Hepatitis E is similarly mild for most people but carries a specific and alarming risk for pregnant women. Infection with certain strains during the third trimester of pregnancy can cause maternal death in 15% to 25% of cases, a fatality rate that far exceeds any other hepatitis type in that population. Outside of pregnancy, hepatitis E resolves on its own in the vast majority of cases. No widely available vaccine exists for hepatitis E, and prevention relies mostly on clean water and sanitation.

How the Five Types Compare

  • Hepatitis B: The leading killer overall. Causes 83% of viral hepatitis deaths worldwide. Becomes chronic in 95% of infants infected at birth. Preventable with a highly effective vaccine.
  • Hepatitis C: The second leading killer. Causes 17% of viral hepatitis deaths. No vaccine, but curable with modern antivirals. Linked to nearly half of all liver cancer cases.
  • Hepatitis D: The most aggressive per individual case.
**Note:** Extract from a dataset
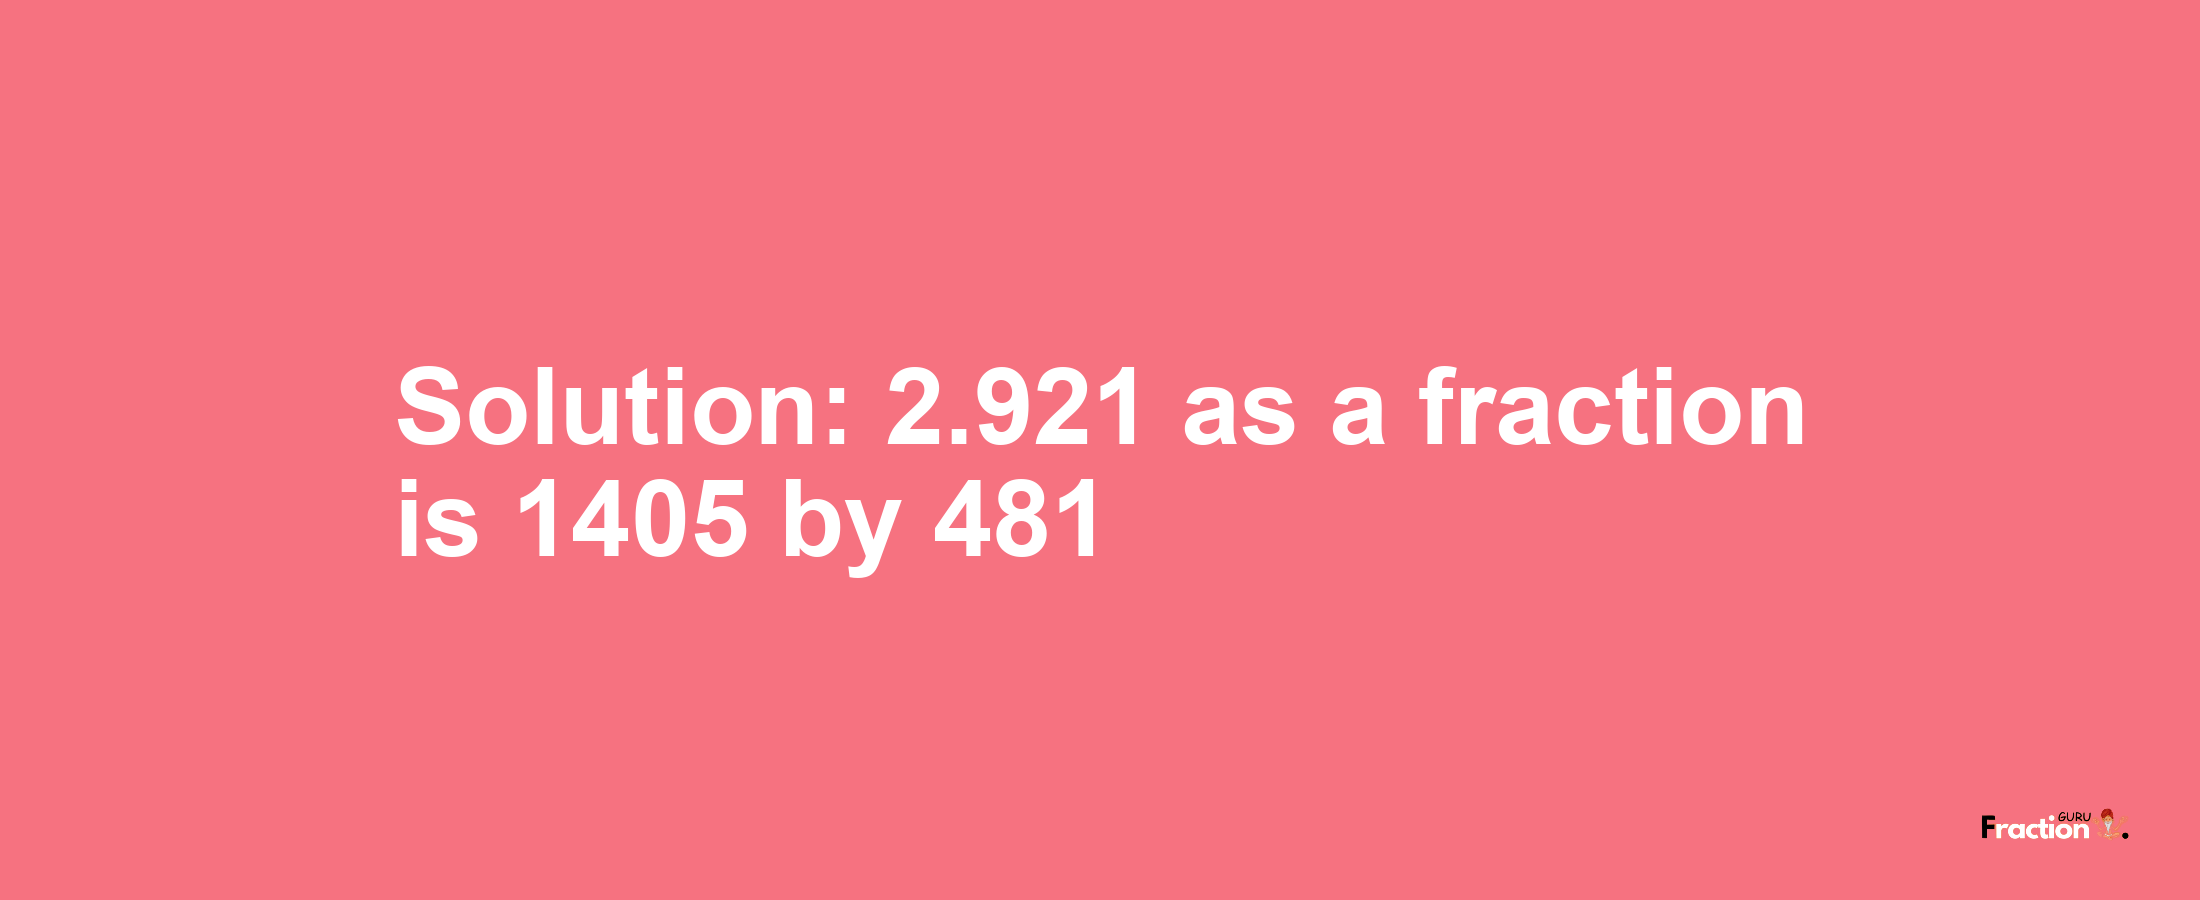 Solution:2.921 as a fraction is 1405/481

Only occurs alongside hepatitis B. Accelerates cirrhosis dramatically, with most progression happening within two years.
  • Hepatitis E: Typically mild, but kills up to 25% of pregnant women infected in their third trimester. Spread through contaminated water.
  • Hepatitis A: Least dangerous overall. Almost always resolves without lasting damage. Vaccine available and highly effective.

Why the Answer Depends on Context

If you’re asking which hepatitis virus kills the most people, the answer is hepatitis B, and it’s not close. If you’re asking which causes the fastest liver destruction in an individual patient, hepatitis D coinfection is worse. If you’re asking which is most dangerous during pregnancy, hepatitis E stands alone. And if you’re asking which poses the greatest ongoing risk in countries with strong healthcare systems, hepatitis C remains a major concern because so many infections go undiagnosed for decades.

The practical takeaway is that hepatitis B vaccination, now routine for newborns in most countries, prevents both the biggest killer (B) and the most aggressive form (D). Hepatitis C screening, recommended for all adults at least once, catches a curable disease before it causes irreversible damage. Hepatitis A and E are largely preventable through vaccination (for A) and basic food and water safety (for both).